Collected data:
**********

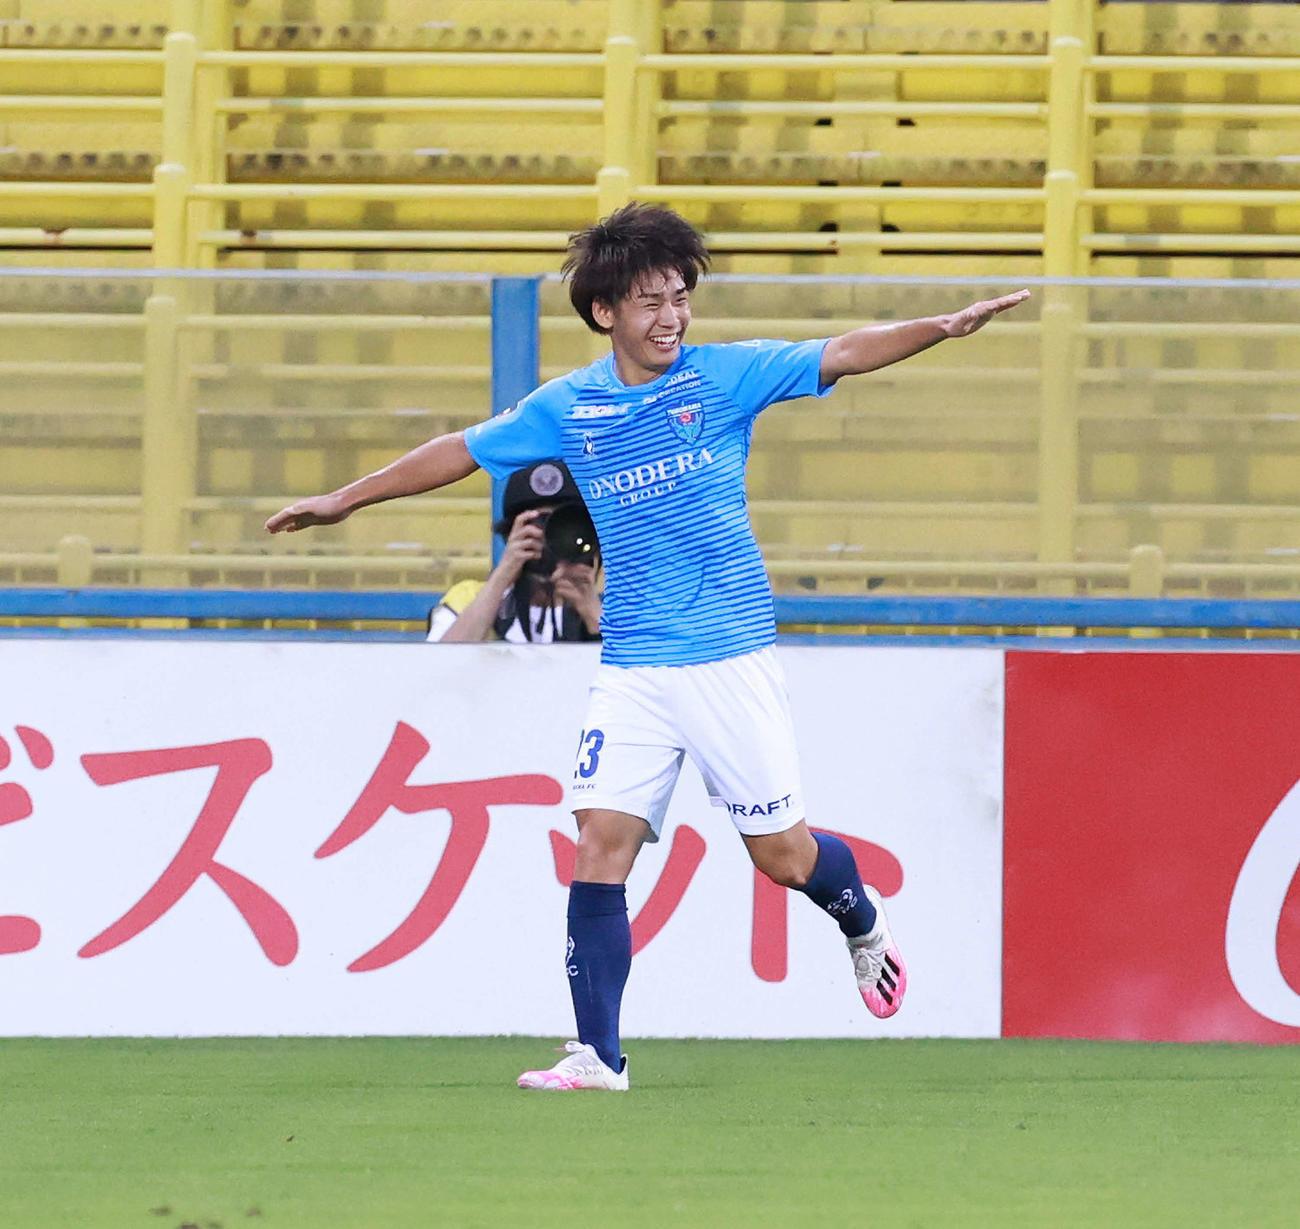 柏対横浜FC 前半、先制ゴールを決め笑顔でポーズを見せる横浜FC・FW斉藤(撮影・江口和貴)
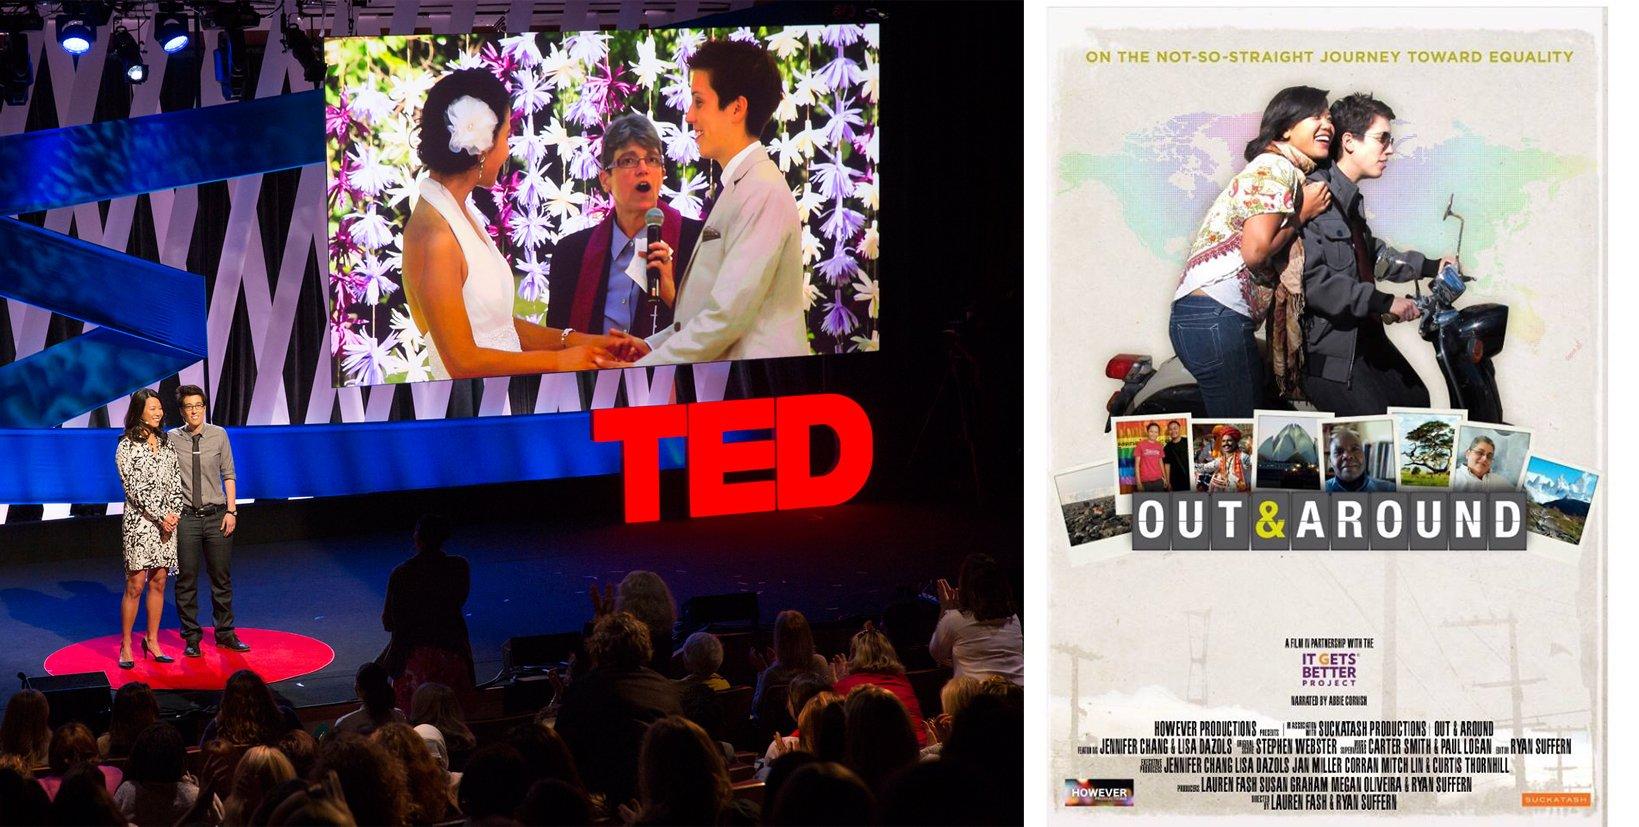 Jenni et Lisa «Nous voulions nous servir de ce voyage pour consolider la communauté LGBT en partageant notre expérience»
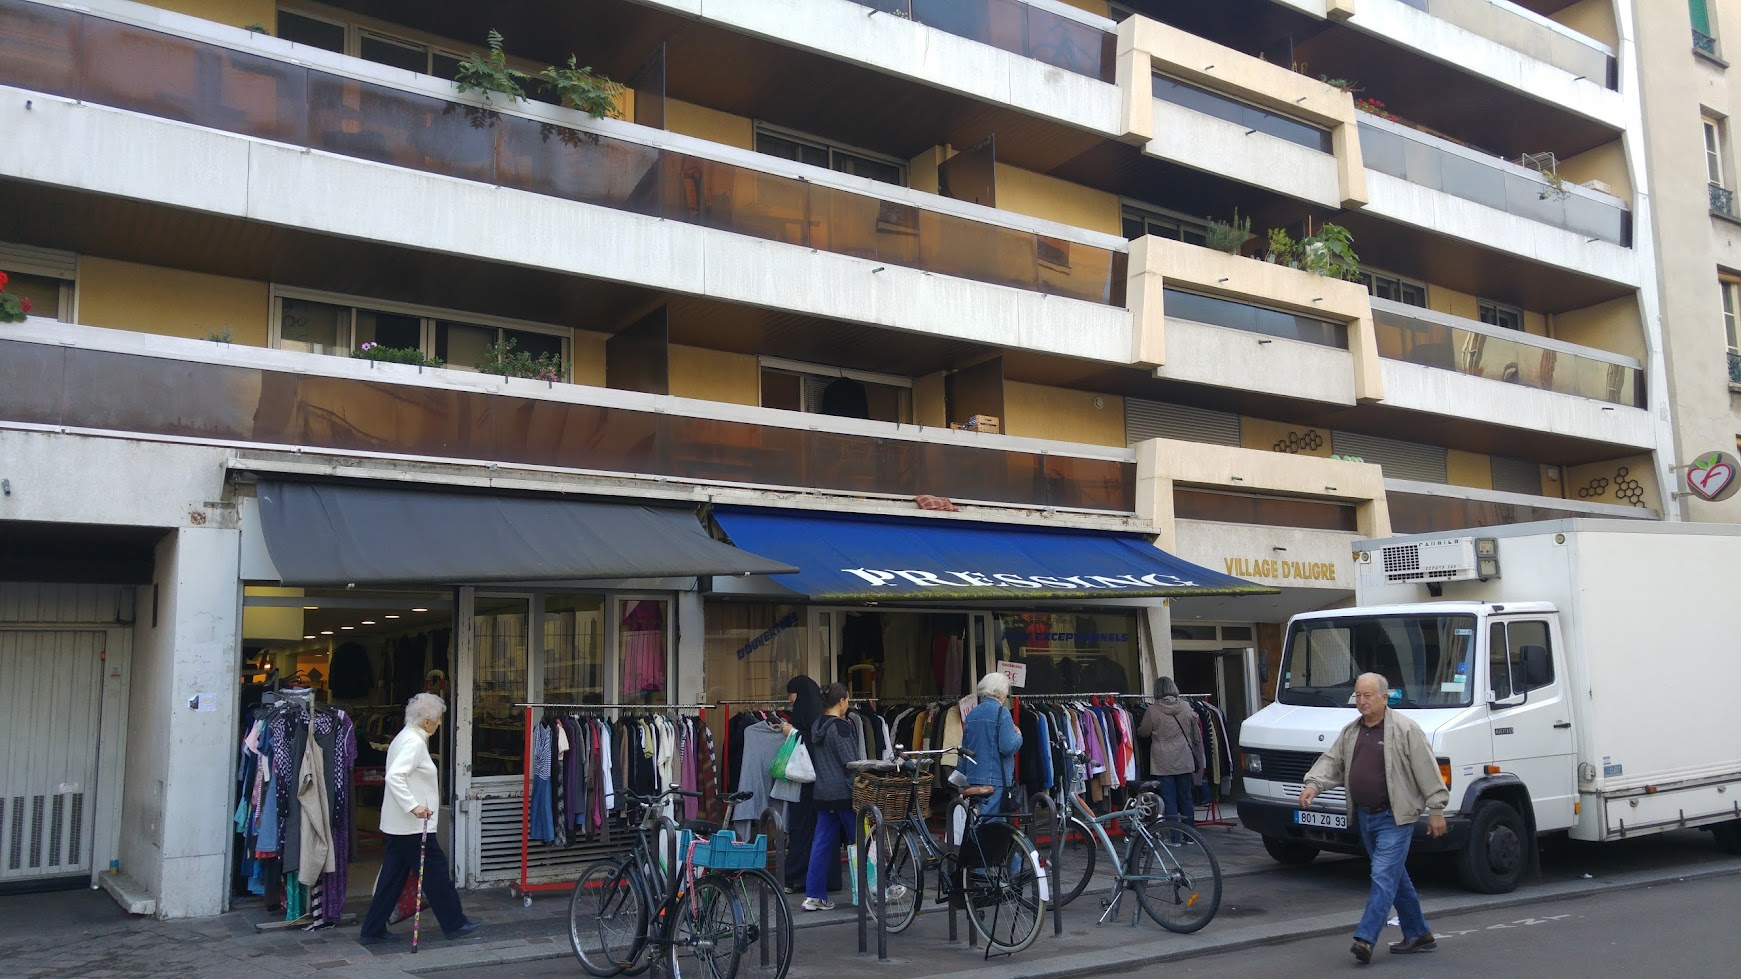 Thrift Stores Around the World – Paris, Rue D'Aligre

**********

What you are asked to do: Retype all of the material above exactly; the pictures stay out.

Answer section:
 柏対横浜FC 前半、先制ゴールを決め笑顔でポーズを見せる横浜FC・FW斉藤(撮影・江口和貴)
 Jenni et Lisa «Nous voulions nous servir de ce voyage pour consolider la communauté LGBT en partageant notre expérience»
 Thrift Stores Around the World – Paris, Rue D'Aligre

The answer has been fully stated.